Решебник по алгебре и начала математического анализа 11 класс Колягин Задание 1073

\[1)\ y = \frac{1}{3}x^{3} - x^{2} - 3x + 9\]

\[D(x) = ( - \infty;\ + \infty);\]

\[ни\ четная,\ ни\ нечетная:\]

\[f( - x) =\]

\[= \frac{1}{3}( - x)^{3} - ( - x)^{2} - 3( - x) + 9 =\]

\[= - \frac{1}{3}x^{3} - x^{2} + 3x + 9.\]

\[f^{'}(x) = \frac{1}{3} \bullet 3x^{2} - 2x - 3 =\]

\[= x^{2} - 2x - 3.\]

\[Промежуток\ возрастания:\]

\[x^{2} - 2x - 3 \geq 0\]

\[D = 4 + 12 = 16\]

\[x_{1} = \frac{2 - 4}{2} = - 1;\]

\[x_{2} = \frac{2 + 4}{2} = 3;\]

\[(x + 1)(x - 3) \geq 0\]

\[x \leq - 1;\text{\ \ \ }x \geq 3.\]

\[Максимум\ и\ минимум:\]

\[y( - 1) = - \frac{1}{3} - 1 + 3 + 9 =\]

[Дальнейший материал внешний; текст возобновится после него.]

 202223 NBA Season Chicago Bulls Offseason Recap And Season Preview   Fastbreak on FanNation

\[= 11 - \frac{1}{3} = 10\frac{2}{3};\]

\[y(3) = \frac{27}{3} - 9 - 9 + 9 =\]

\[= 9 - 9 = 0.\]

\[2)\ y = - x^{4} + 6x^{2} - 9\]

\[D(x) = ( - \infty;\ + \infty);\]

\[является\ четной:\]

\[f( - x) = - ( - x)^{4} + 6\left( x^{2} \right) - 9 =\]

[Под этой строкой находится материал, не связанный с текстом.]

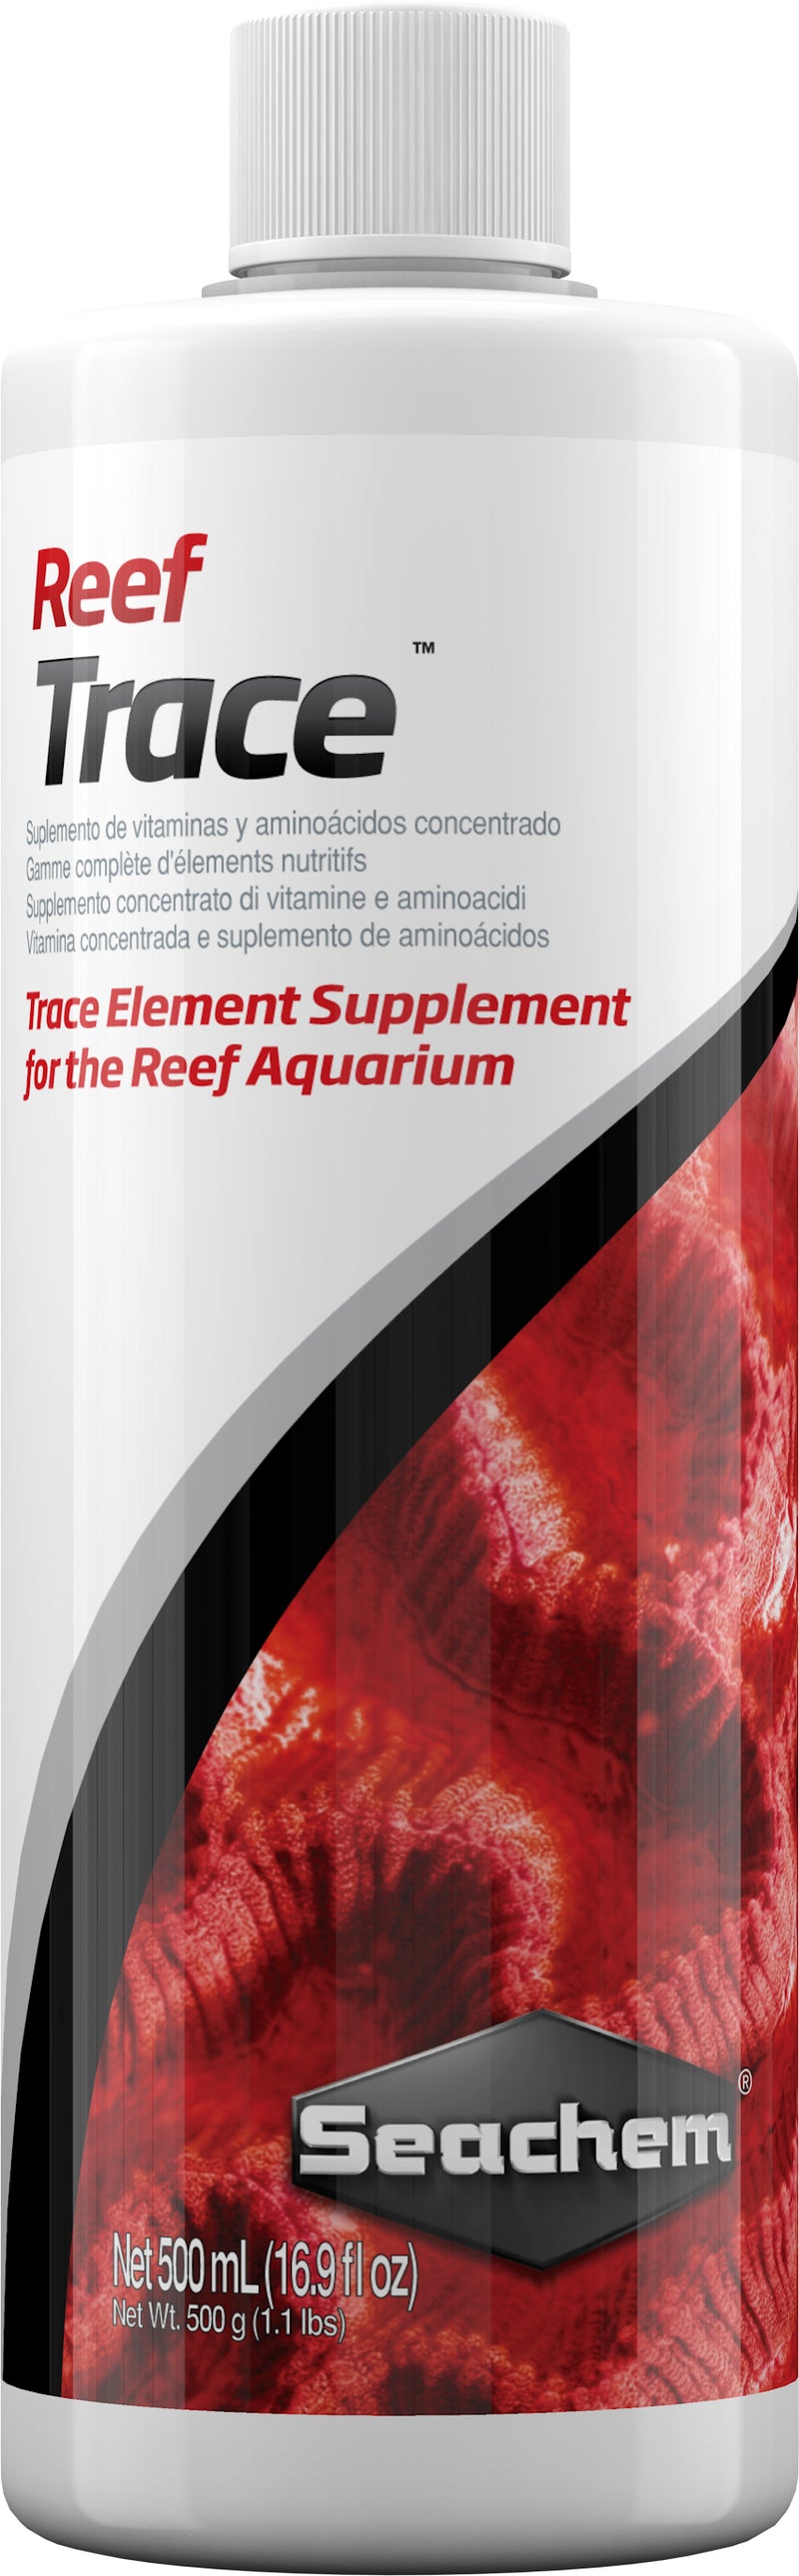 Seachem Reef Trace - 500 ml

\[= - x^{4} + 6x^{2} - 9 = f(x).\]

\[f^{'}(x) = - 4x^{3} + 6 \bullet 2x =\]

\[= 12x - 4x^{3}.\]

\[Промежуток\ возрастания:\]

\[12x - 4x^{3} \geq 0\]

\[4x\left( 3 - x^{2} \right) \geq 0\]

\[\left( x + \sqrt{3} \right)x\left( x - \sqrt{3} \right) \leq 0\]

\[x \leq - \sqrt{3};\ \ \ 0 \leq x \leq \sqrt{3}.\]

\[Максимум\ и\ минимум:\]

\[y\left( \sqrt{3} \right) = - 9 + 18 - 9 = 0;\]

\[y(0) = - 0^{4} + 6 \bullet 0^{2} - 9 = - 9.\]

\[3)\ y = \frac{x^{2} + 1}{x}\]

\[D(x) = ( - \infty;\ 0) \cup (0;\ + \infty);\]

\[является\ нечетной:\]

\[f( - x) = \frac{( - x)^{2} + 1}{- x} =\]

\[= - \frac{x^{2} + 1}{x} = - f(x);\]

\[f^{'}(x) = \left( x + \frac{1}{x} \right)^{'} = 1 - \frac{1}{x^{2}}.\]

\[Промежуток\ возрастания:\]

\[1 - \frac{1}{x^{2}} \geq 0\]

\[x^{2} - 1 \geq 0\]

\[(x + 1)(x - 1) \geq 0\]

\[x \leq - 1;\text{\ \ \ x} \geq 1.\]

\[Максимум\ и\ минимум:\]

\[y(1) = \frac{1^{2} + 1}{1} = 2.\]

\[\lim_{x \rightarrow + \infty}\frac{f(x)}{x} = \lim_{x \rightarrow + \infty}\frac{x^{2} + 1}{x^{2}} =\]

\[= \frac{1 + 0}{1} = 1;\]

\[\lim_{x \rightarrow + \infty}\left( f(x) - x \right) = \lim_{x \rightarrow + \infty}\frac{1}{x} = 0;\]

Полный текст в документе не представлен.